Created 03-24-2017 04:06 PM
Hi,
We are trying to work on a Proof Of Concept ( POC) to upload a file from an S3 bucket to RDS instance (in our case , it is Postgres) . I have uploaded the file on my local desktop using the execute script processor and using the psql copy command provided by postgresql. The psql command looks like this:
import java.sql.DriverManager;
import java.sql.Connection;
import java.sql.SQLException;
import groovy.sql.Sql;
def file ="C:/Users/kdasari/Desktop/NIFI/files/kiran.csv DELIMITER ',' CSV HEADER"
def copyCommand = /psql --host=<AWS RDS> --port=5432 --dbname=<AWS DB name> --username=<AWS DB user> --no-password --command="copy kiran_test.poc_test from $file"/
println copyCommand
//run psql tool as an external process
def process = copyCommand.execute()I am trying to retrieve the flow file attributes (S3 file name ) and substitute in the groovy code "file" variable (see the code snippet above) , but with no success.
I used fetchS3object processor followed by the executescript processor.After reading the NIFI documentation, I understand the execute processor has access to the process session and process context , I am unable to figure out how to instantiate the"file " variable in the groovy code.
I am trying to understand the following:
.FetchS3Object : It reads the content of the S3 file and updates the flowfile attribute filename .
Please let me know.
Thanks,
Kiran
Created 03-24-2017 09:02 PM
It is Option #2 above, the file contents are put in the content repo, and the filename is added as an attribute.

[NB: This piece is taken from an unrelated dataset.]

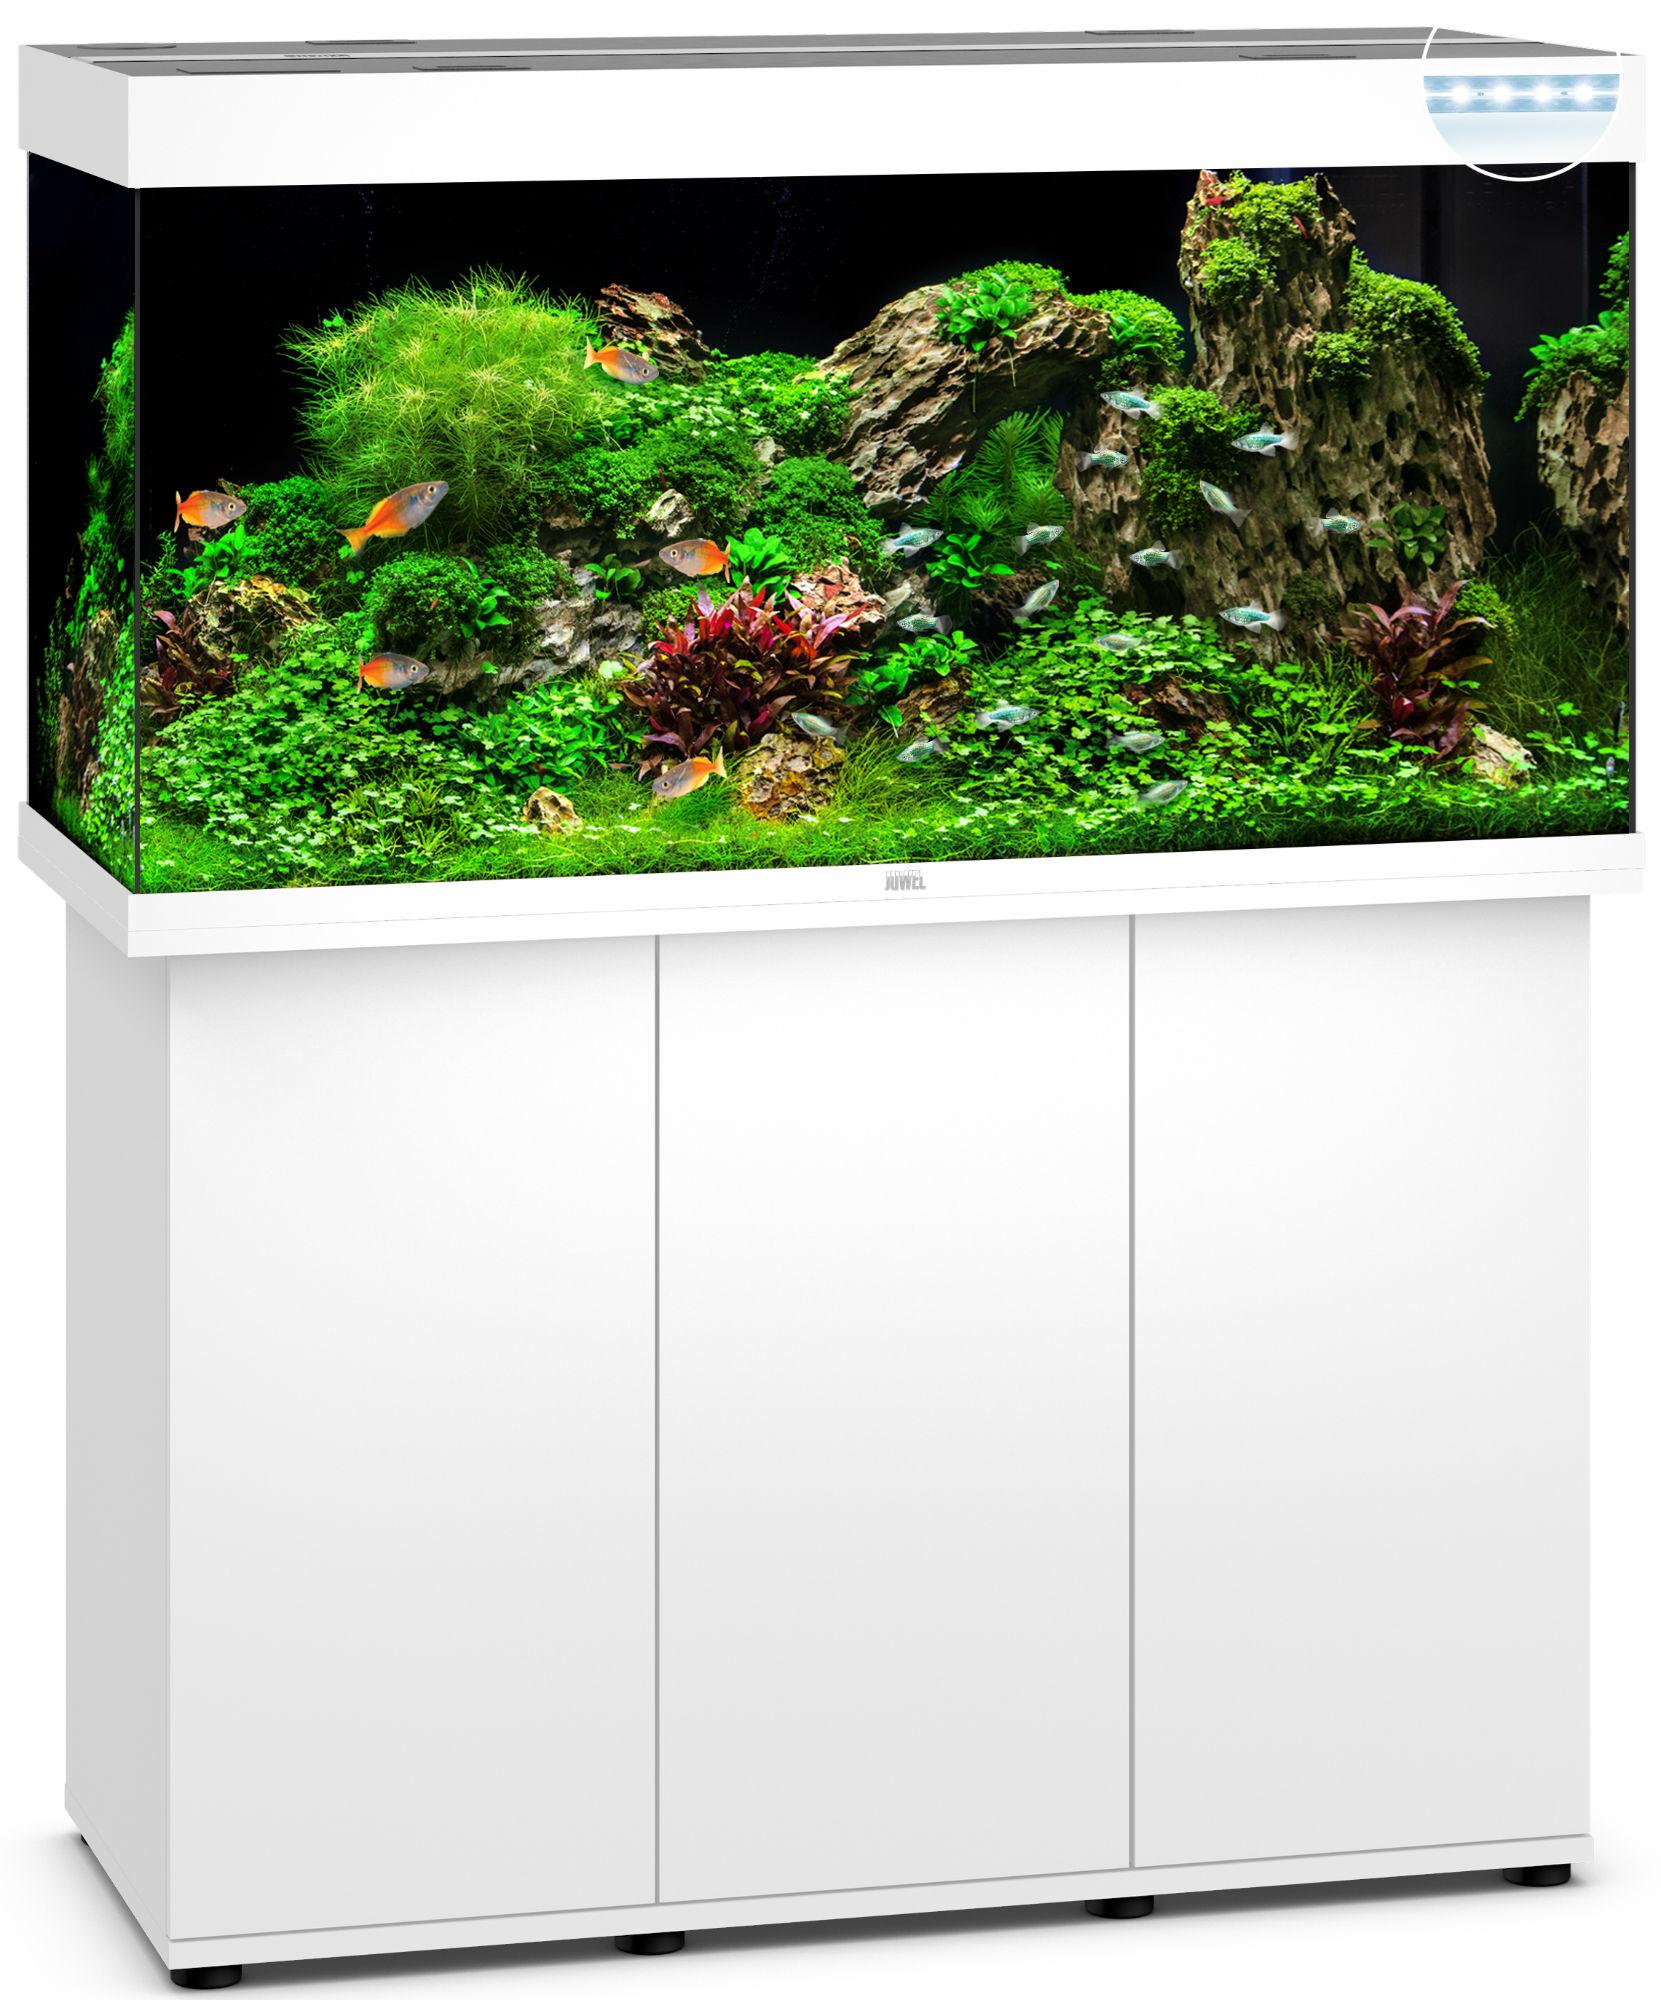 juwel rio 350 led aquarium mit unterschrank ebay. Black Bedroom Furniture Sets. Home Design Ideas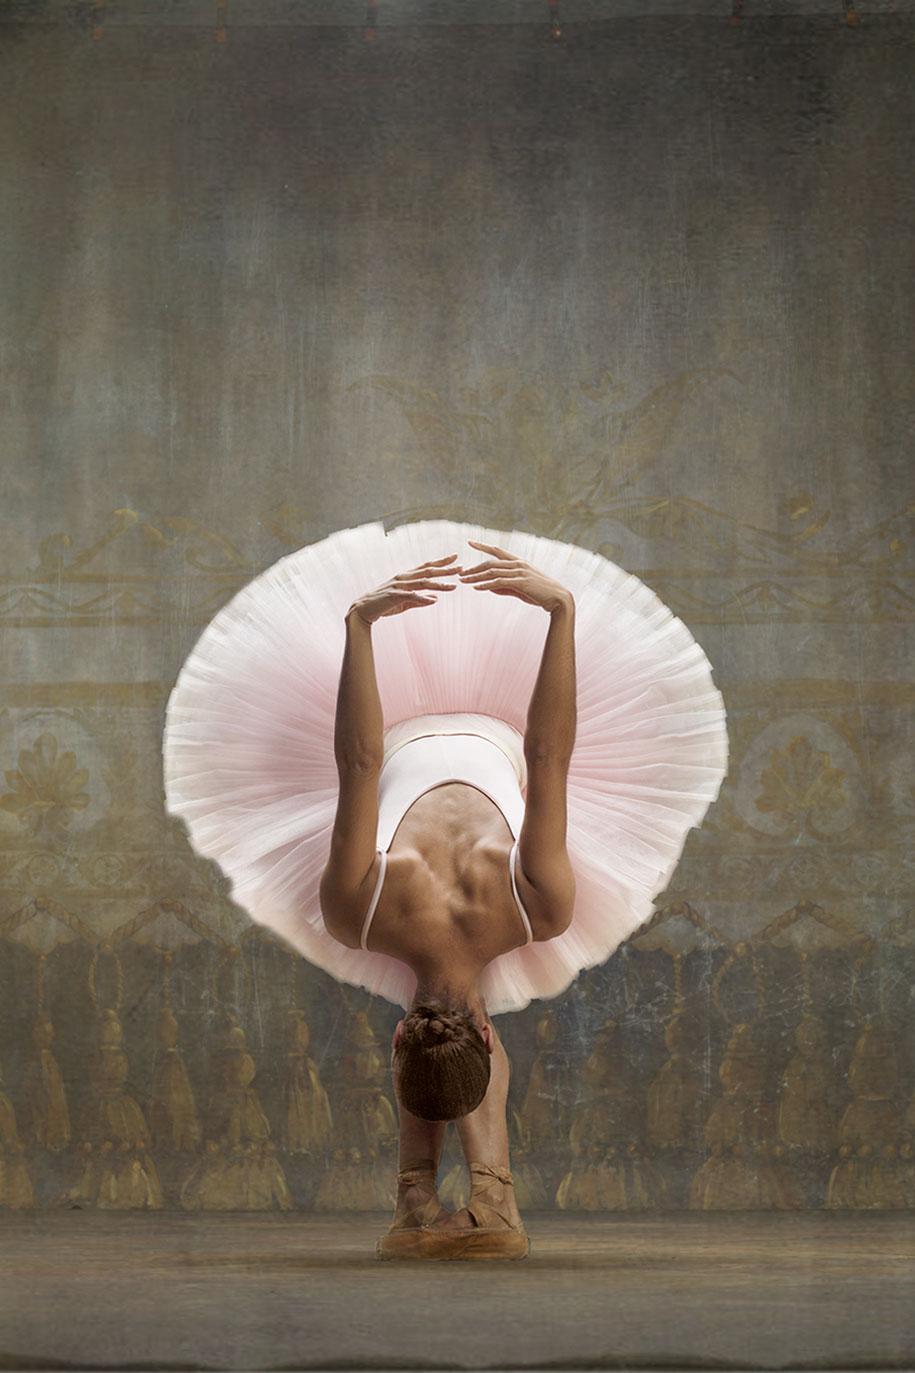 dipinti-danza-edgar-degas-fotografia-misty-copeland-6

If you want the file to reside on the local file system, you can use PutFile before your ExecuteScript processor, and you can get at the filename by getting the flow file from the session:
def flowFile = session.get()
and getting the "filename" attribute from it:
def filename = flowFile.getAttribute(CoreAttributes.FILENAME.key())
In your case, it doesn't seem like you really need a file per se; rather you need to get its contents to the "psql" command. For that I'd recommend using ProcessBuilder instead of just copyCommand.execute(). You might be able to do something like this (NOTE: not a complete script, just a snippet):
import java.io.*
def pb = new ProcessBuilder('psql --host=<AWS RDS> --port=5432 --dbname=<AWS DB name> --username=<AWS DB user> --no-password --command="copy kiran_test.poc_test from STDIN"')
def p = pb.start()
def psqlStdin = p.getOutputStream()
// Something like:
// def bw = new BufferedWriter(new OutputStreamWriter(psqlStdIn))
// if you are using the Writer paradigm, or use PipedInputStream and PipedOutputStream
session.read(flowFile, {inputStream ->
// write from inputStream (i.e. flow file contents) to psqlStdIn (aka "pipe to psql")
} as InputStreamCallback)
This should alleviate the need to write out the file(s) to the file system, although it becomes a more complex script. A complete alternative is a PostgreSQL Bulk Loader processor or something, that can do all this with the driver 🙂